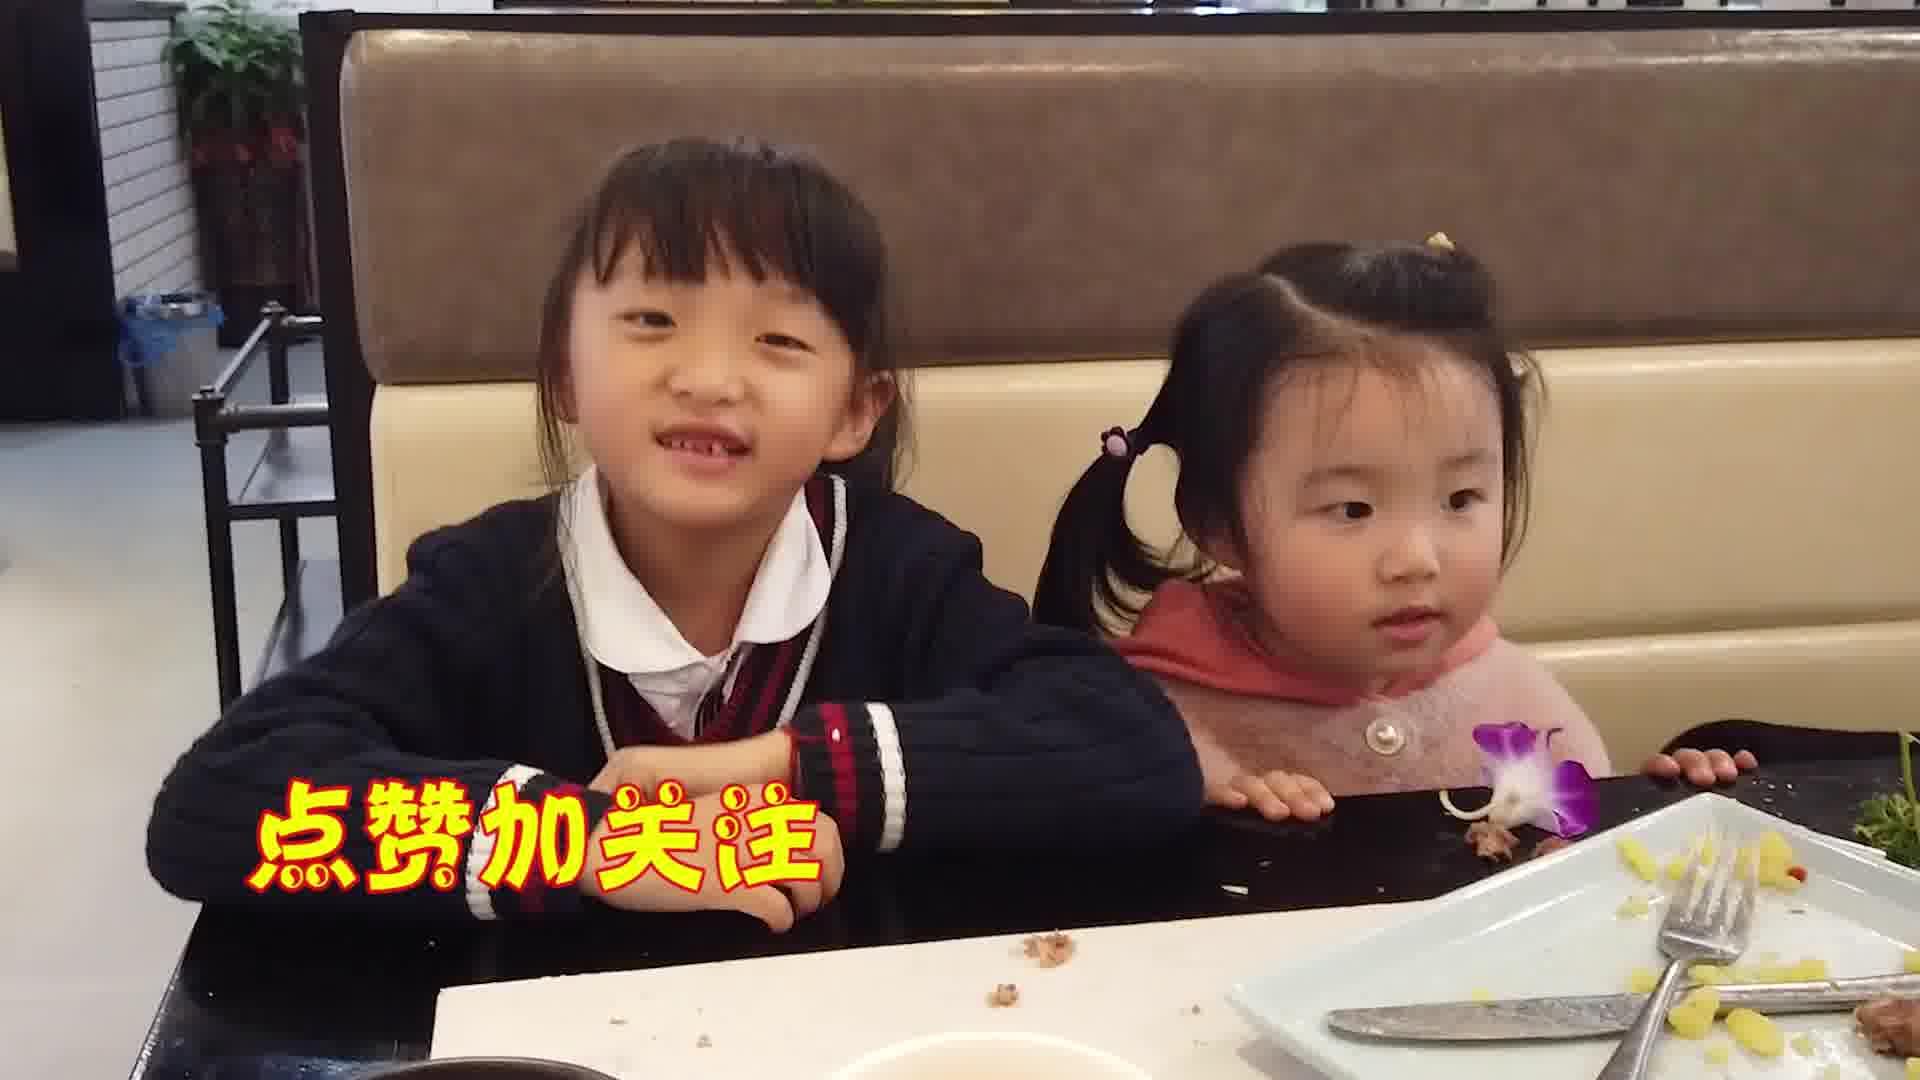 两萌娃吃火锅牛腩,一直吃个不停,爸妈心里美滋滋
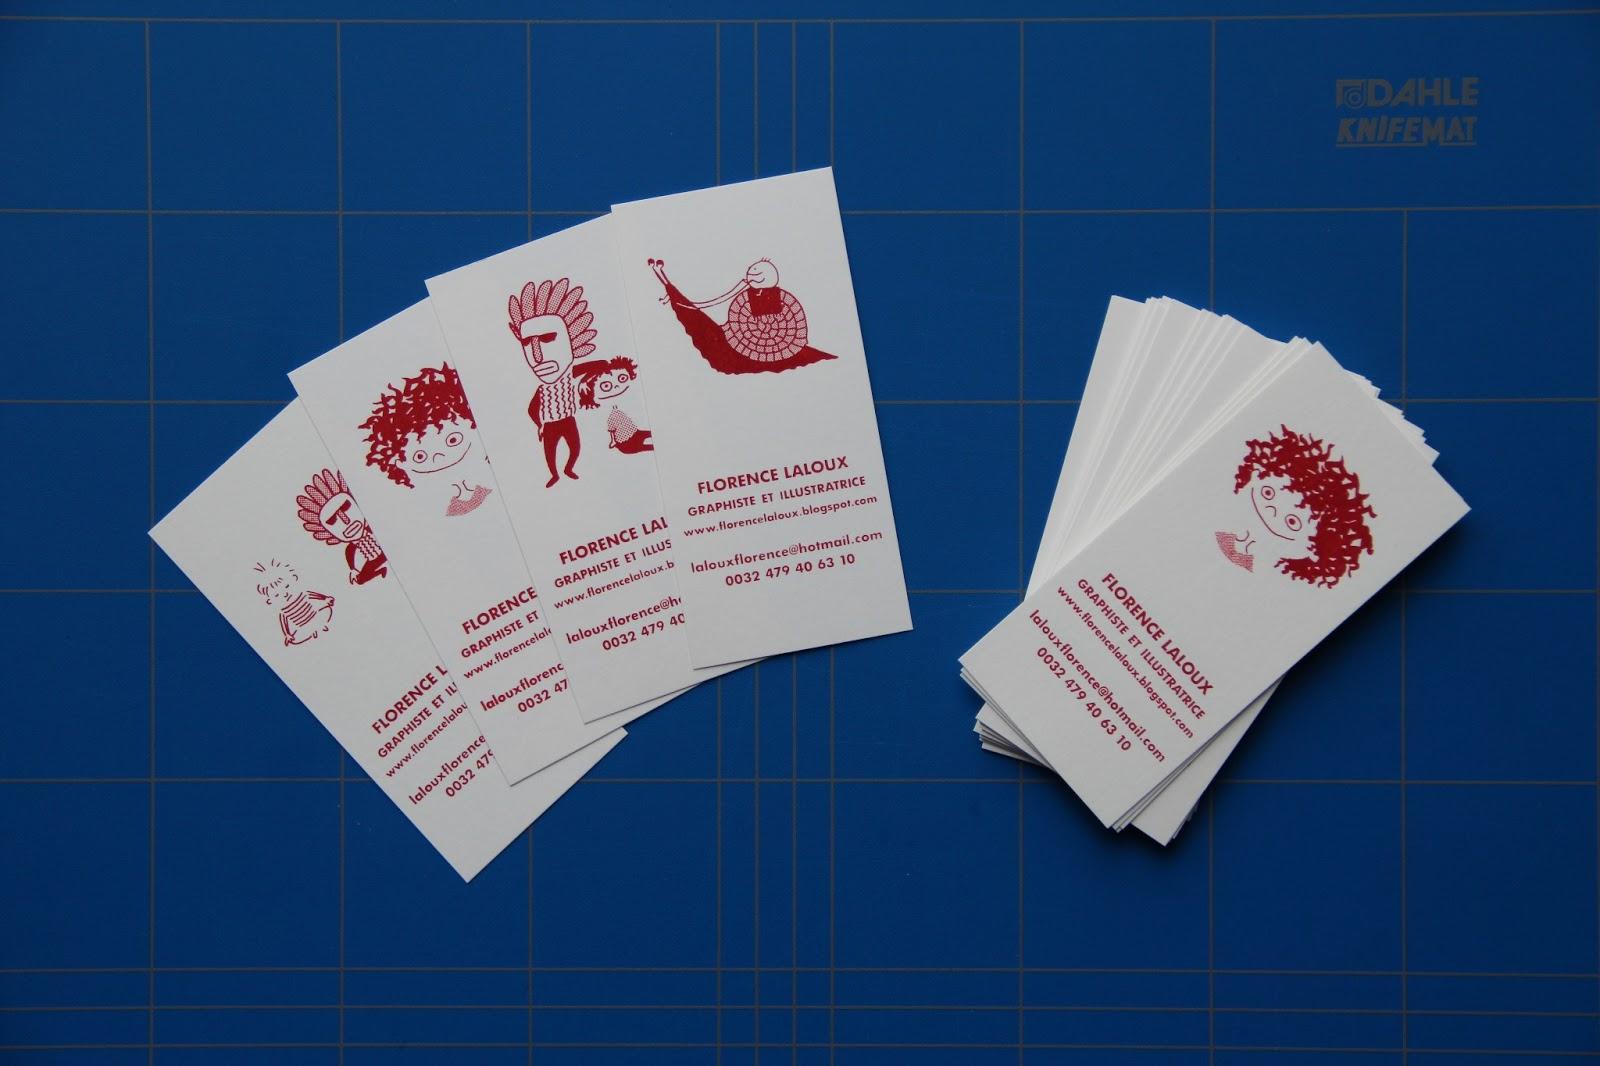 Mes Nouvelles Cartes De Visite Materialisees Dans Le Fin Fond Des Caves St Luc Un Lieu Magique Appele Atelier Serigraphie
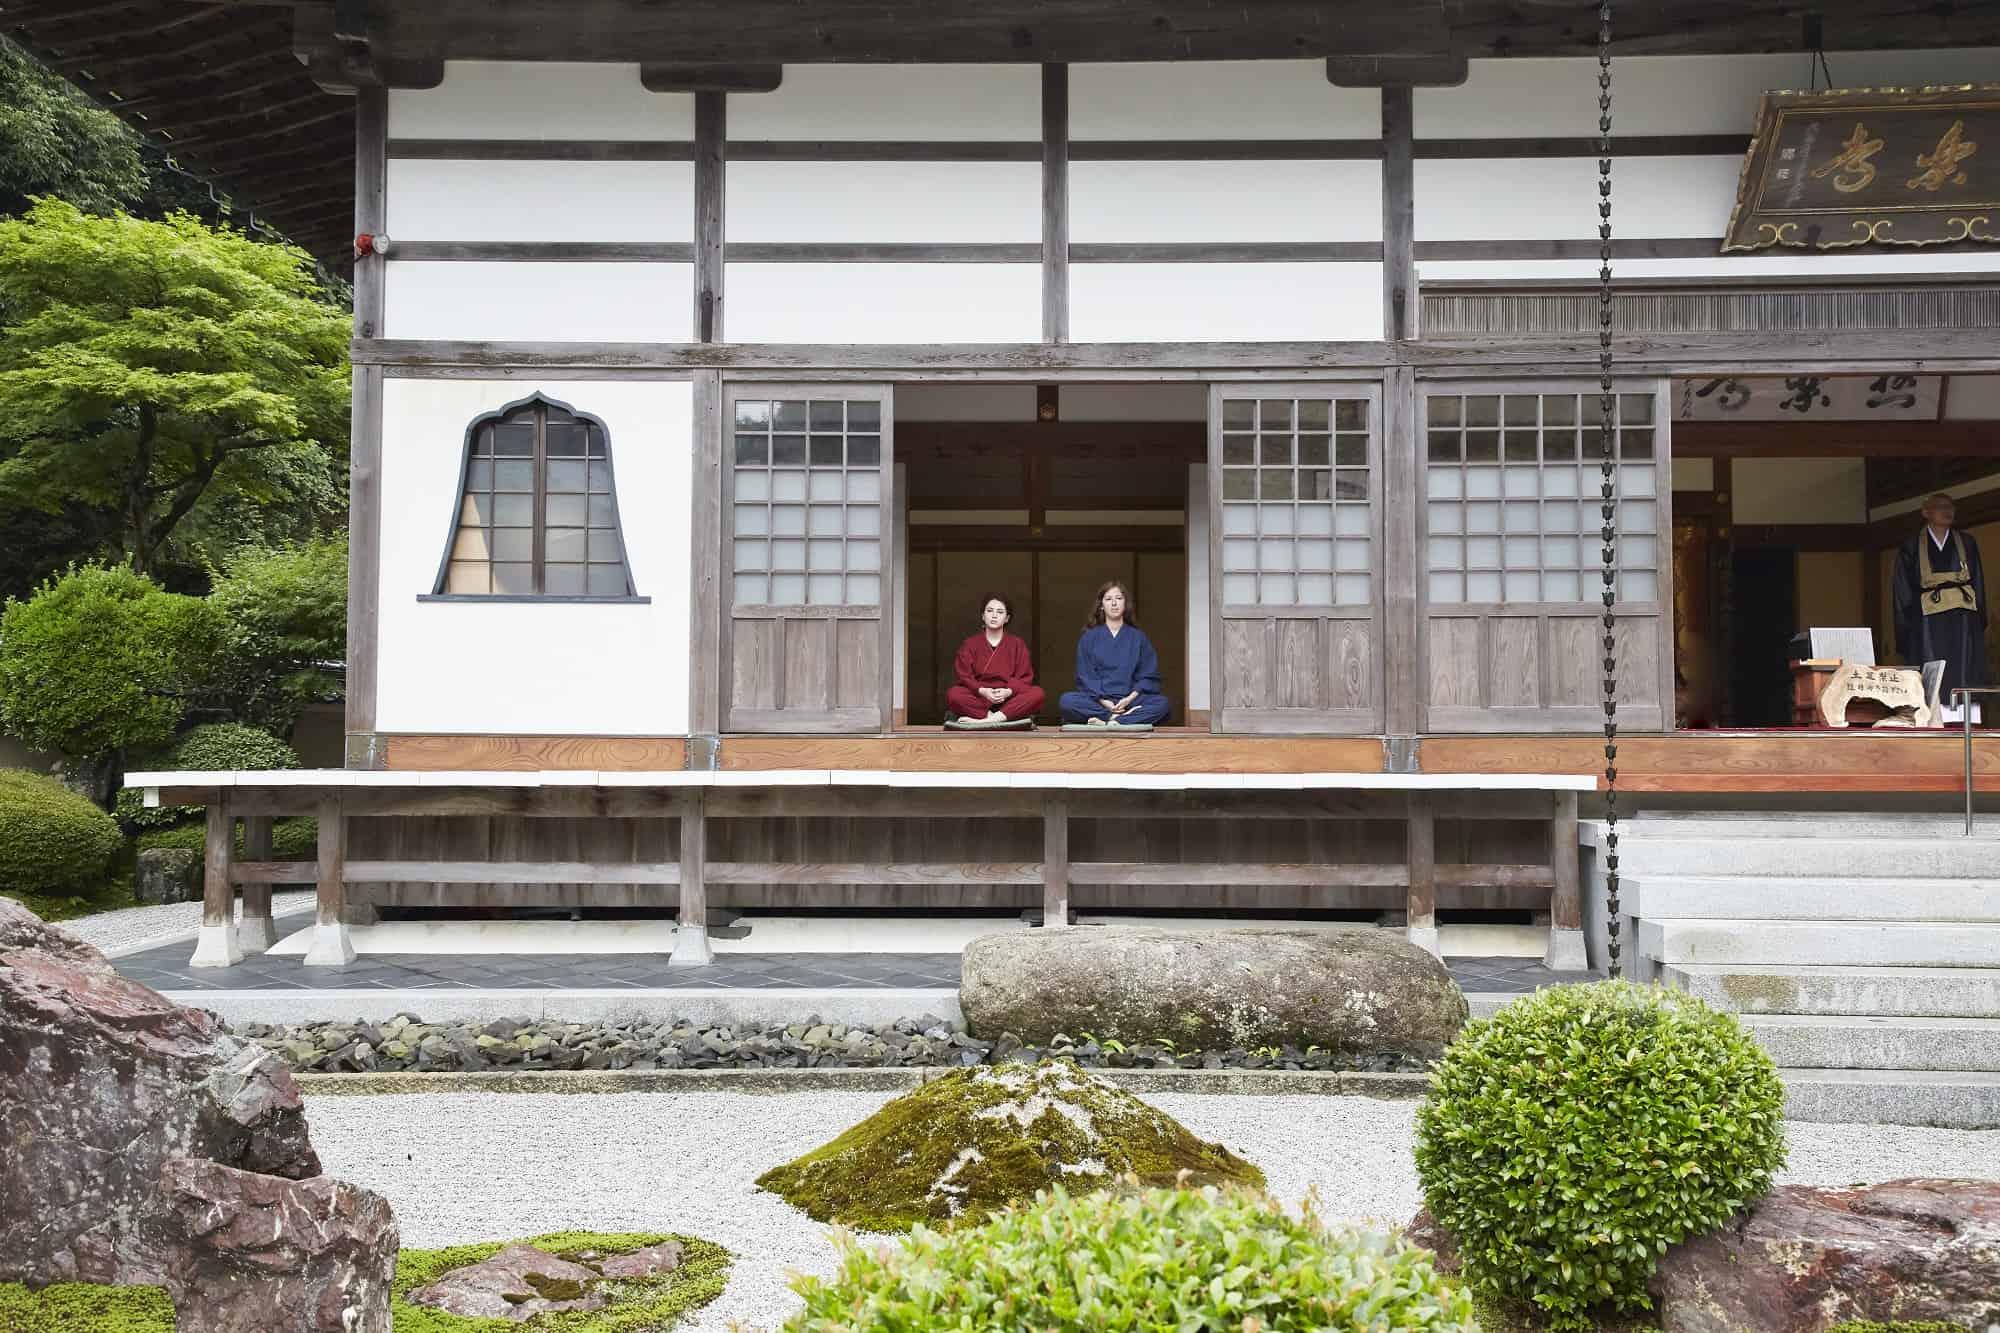 นั่งสมาธิแบบเซ็นที่วัดโกคุราคุจิ คิโนะซากิออนเซ็น
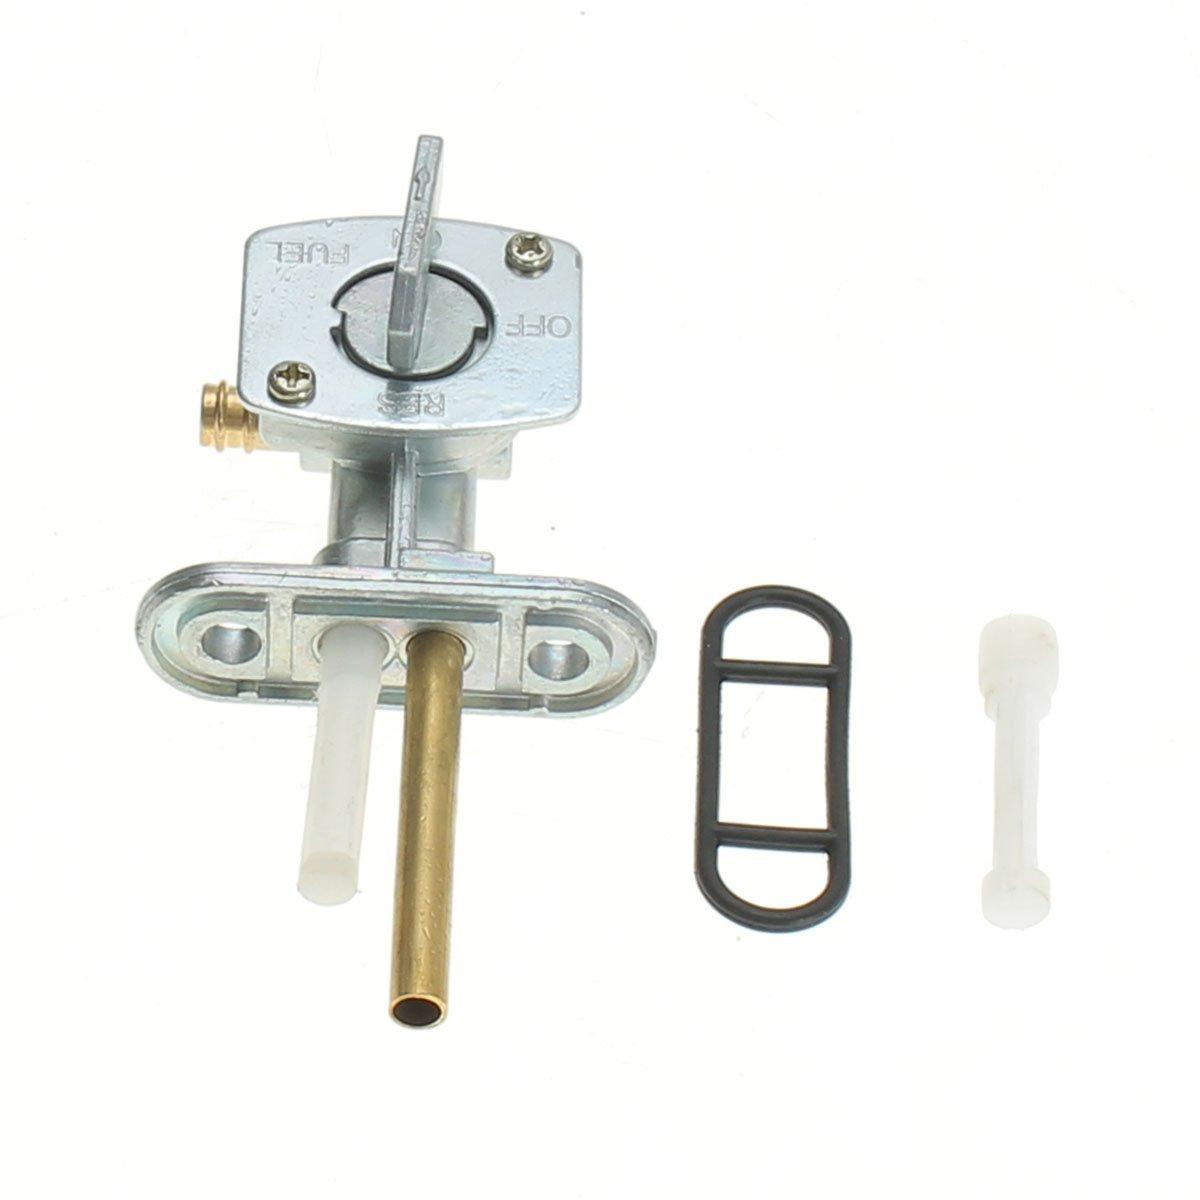 NICOLIE Pompe /À Gaz Petcock Fuel Robinet Interrupteur Pour Yamaha Blaster 200 Yfs200 88-06

++++++++

→ **What you will do**
Down to the last line, set down the data above exactly, and omit all images.

→ **Expected output**
 两萌娃吃火锅牛腩,一直吃个不停,爸妈心里美滋滋
 Mes Nouvelles Cartes De Visite Materialisees Dans Le Fin Fond Des Caves St Luc Un Lieu Magique Appele Atelier Serigraphie
 นั่งสมาธิแบบเซ็นที่วัดโกคุราคุจิ คิโนะซากิออนเซ็น
 NICOLIE Pompe /À Gaz Petcock Fuel Robinet Interrupteur Pour Yamaha Blaster 200 Yfs200 88-06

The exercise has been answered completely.